*GOAL OF THE EXERCISE*. The answer must reproduce all of the data below exactly and contain no images.

*DATA EXCERPT*.
--------------------

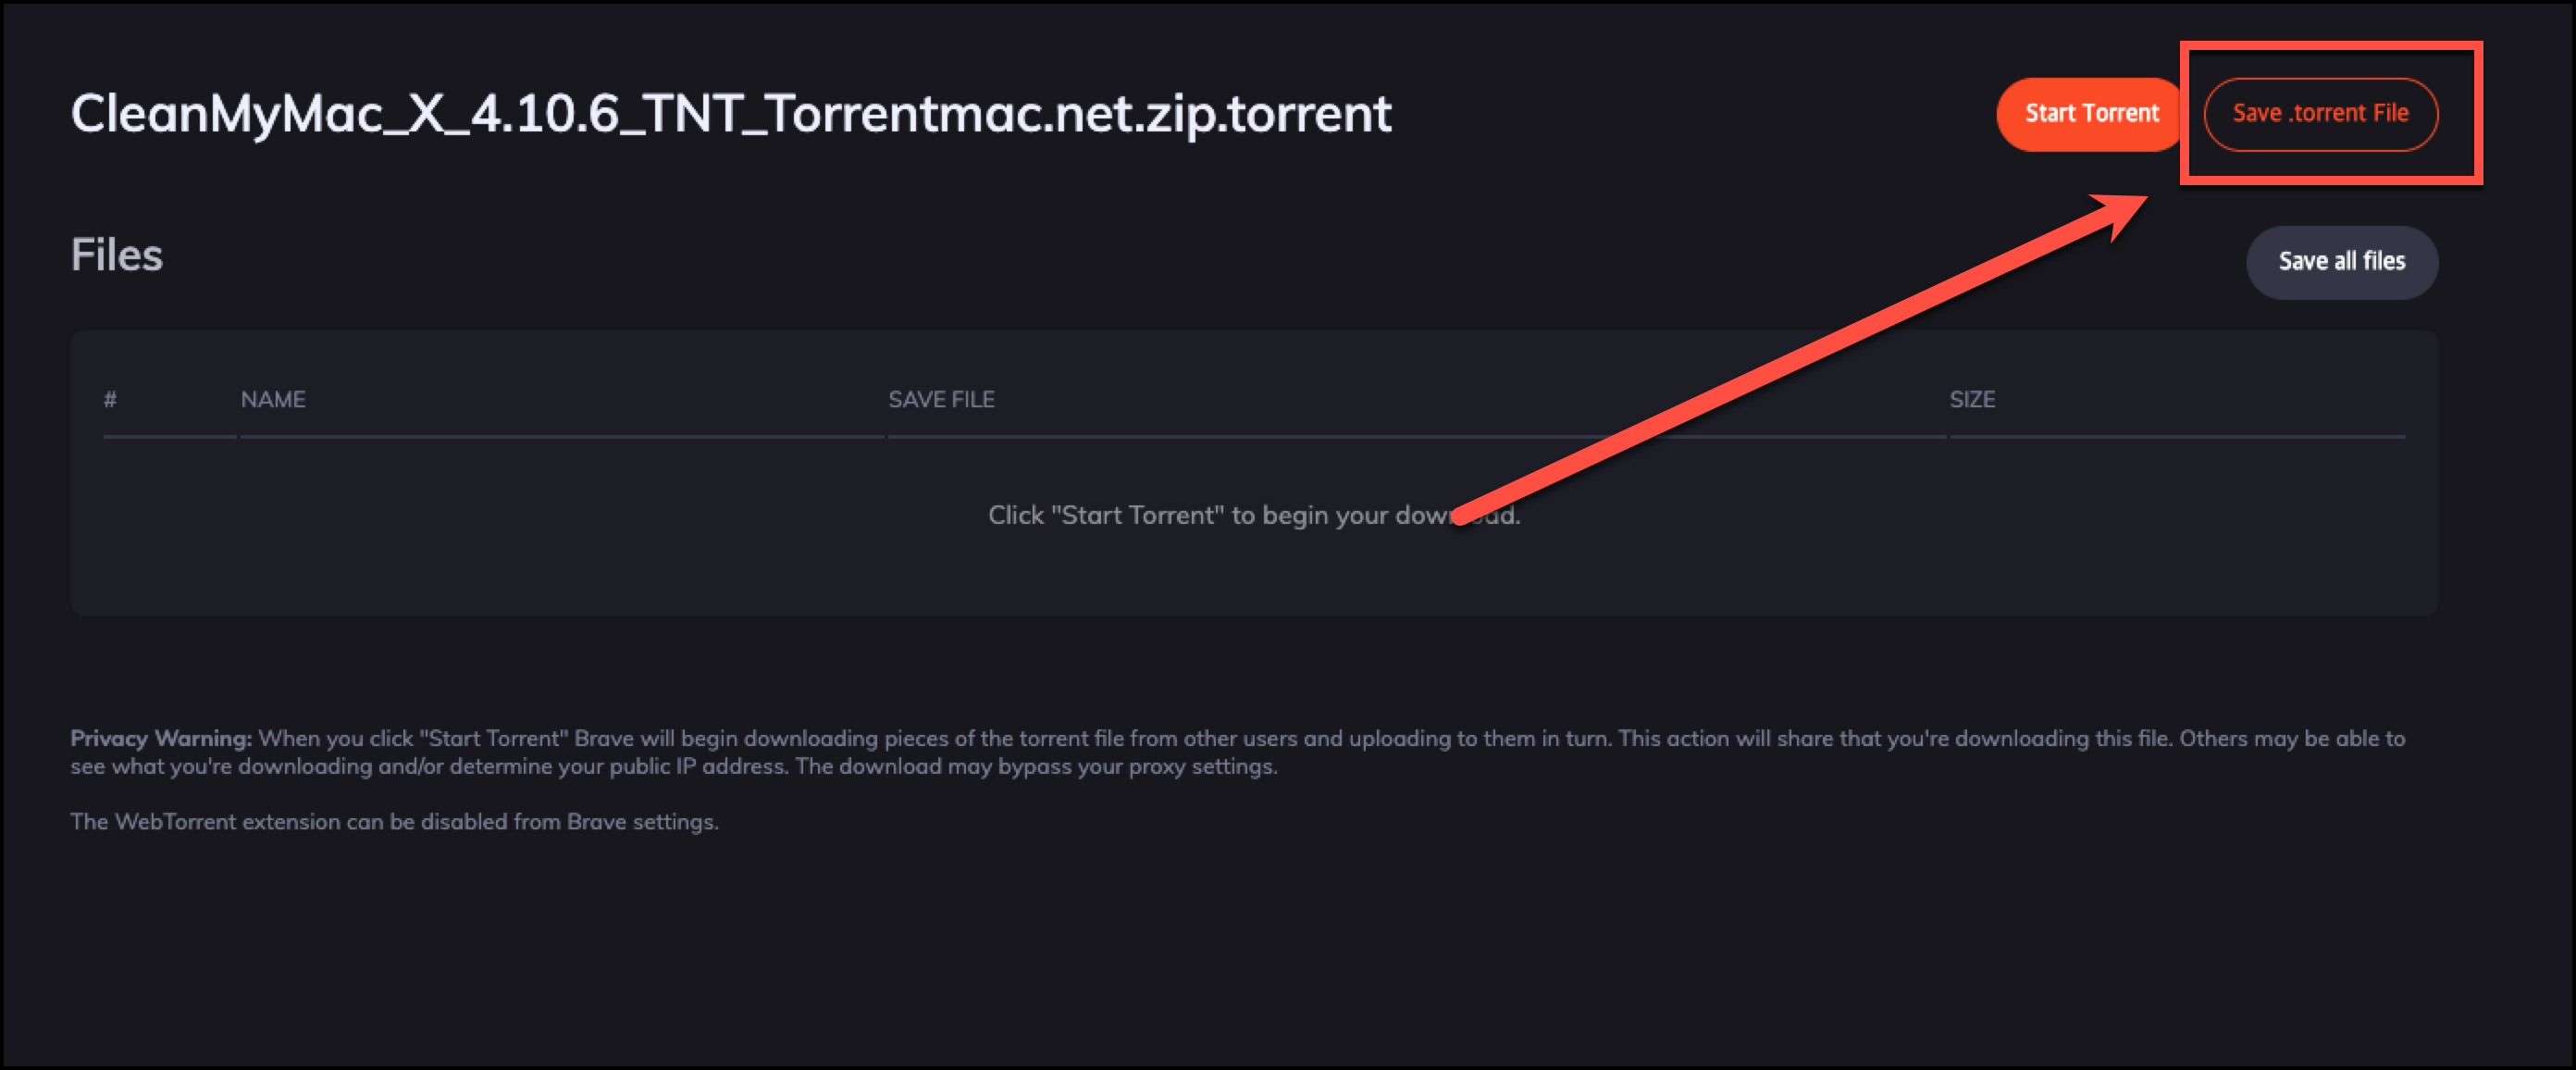 CleanMyMac torrent
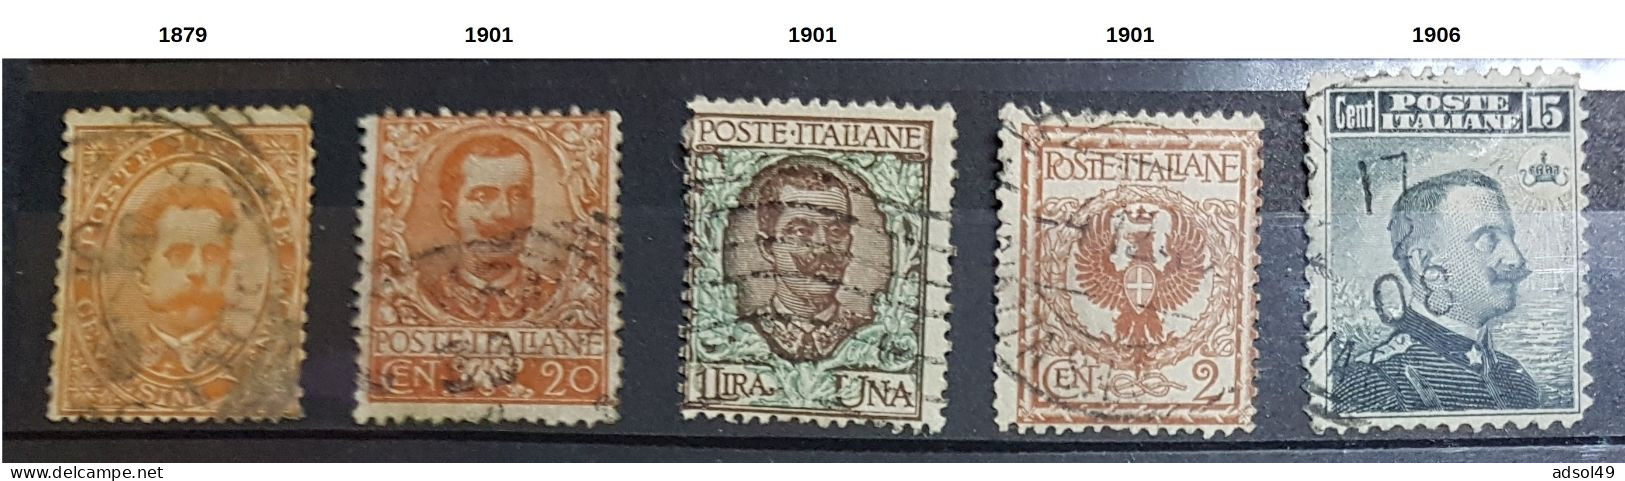 Italia 1879 Fino 1906 - 5 Francobolli Usati / 1879 à 1906 - 5 Timbres Oblitérés - Used
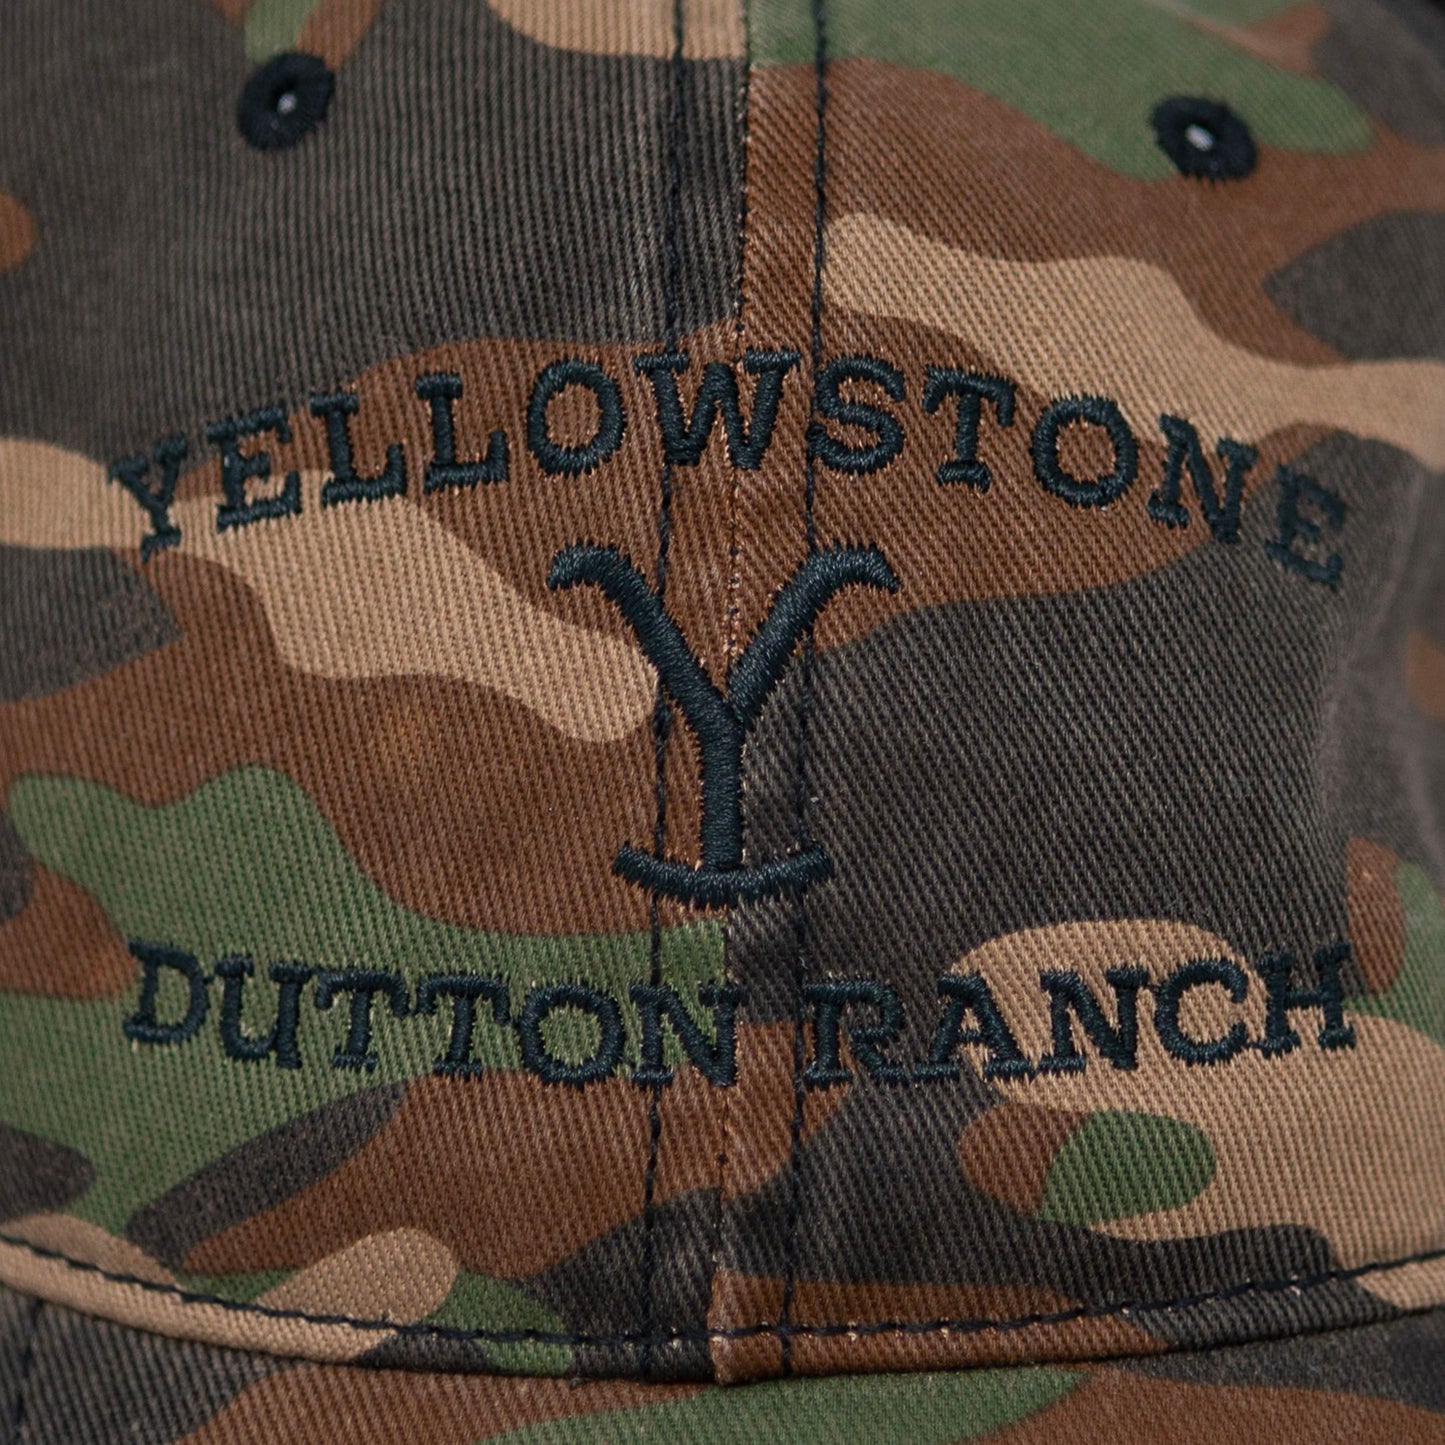 Yellowstone Dutton Ranch Logo As Seen On Camo Hat
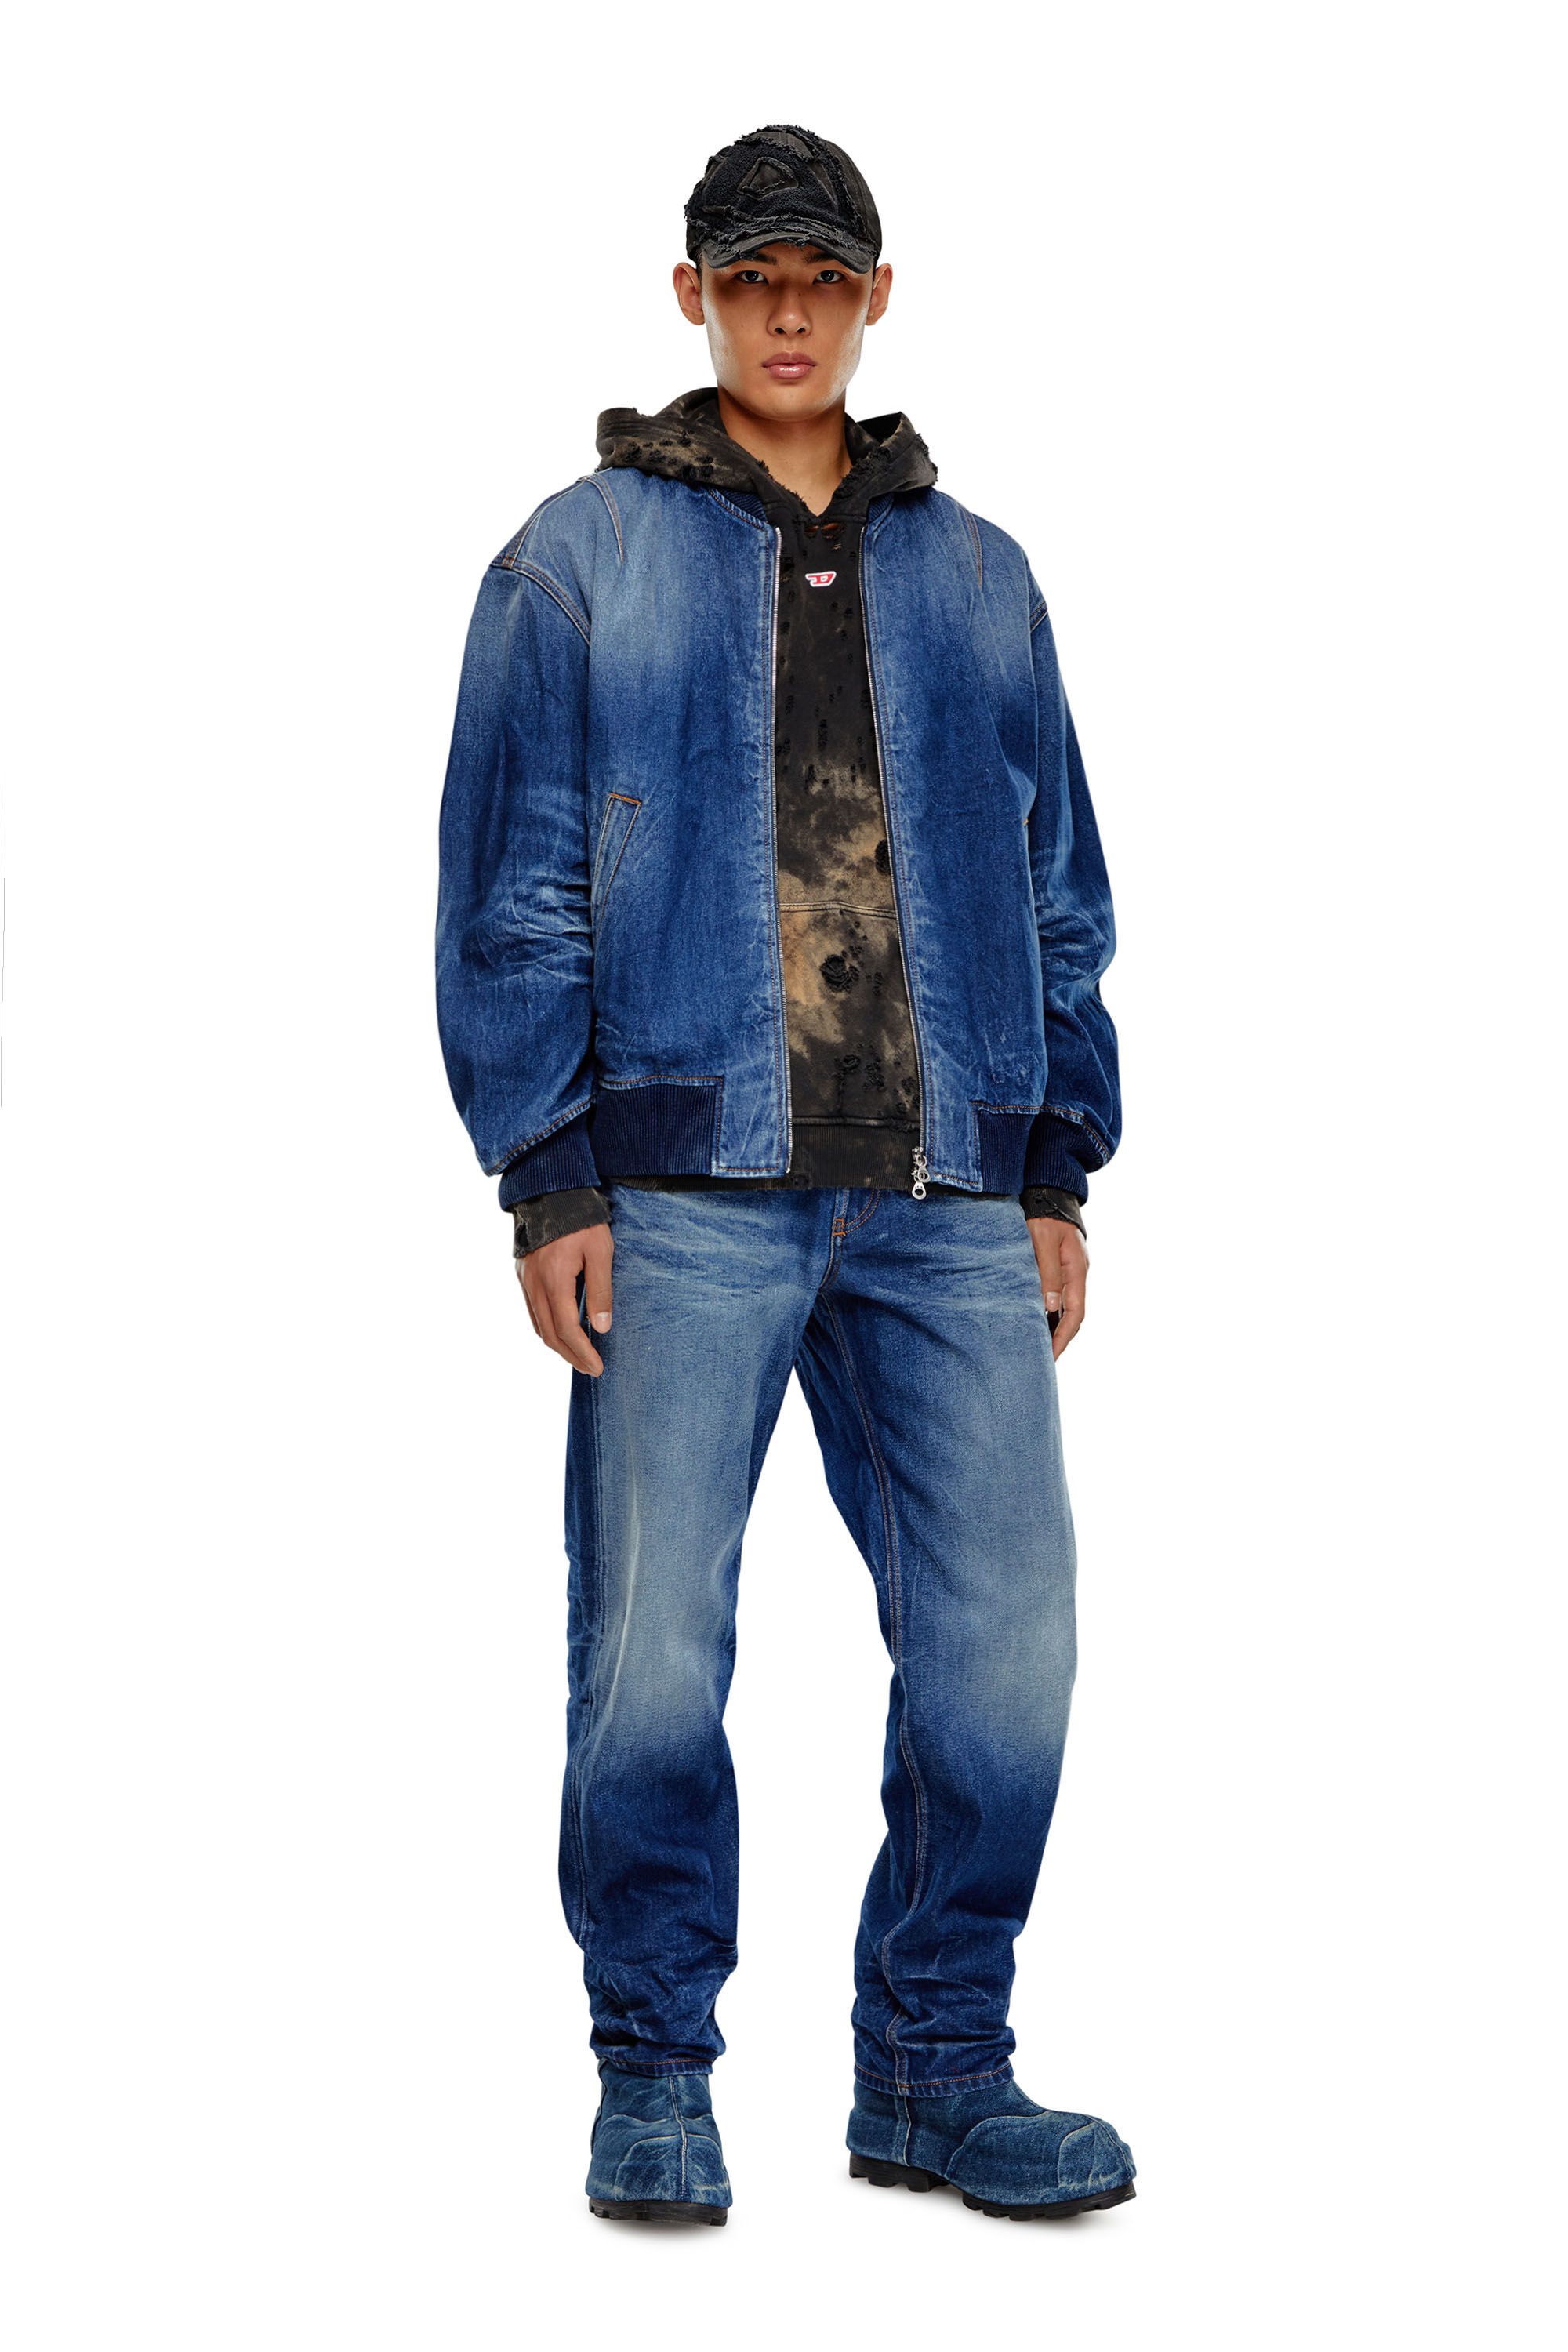 Diesel - D-VINZ-S, Man Bomber jacket in dented denim in Blue - Image 1

--------------------

*REPLY*.
 CleanMyMac torrent
 Italia 1879 Fino 1906 - 5 Francobolli Usati / 1879 à 1906 - 5 Timbres Oblitérés - Used
 Yellowstone Dutton Ranch Logo As Seen On Camo Hat
 Diesel - D-VINZ-S, Man Bomber jacket in dented denim in Blue - Image 1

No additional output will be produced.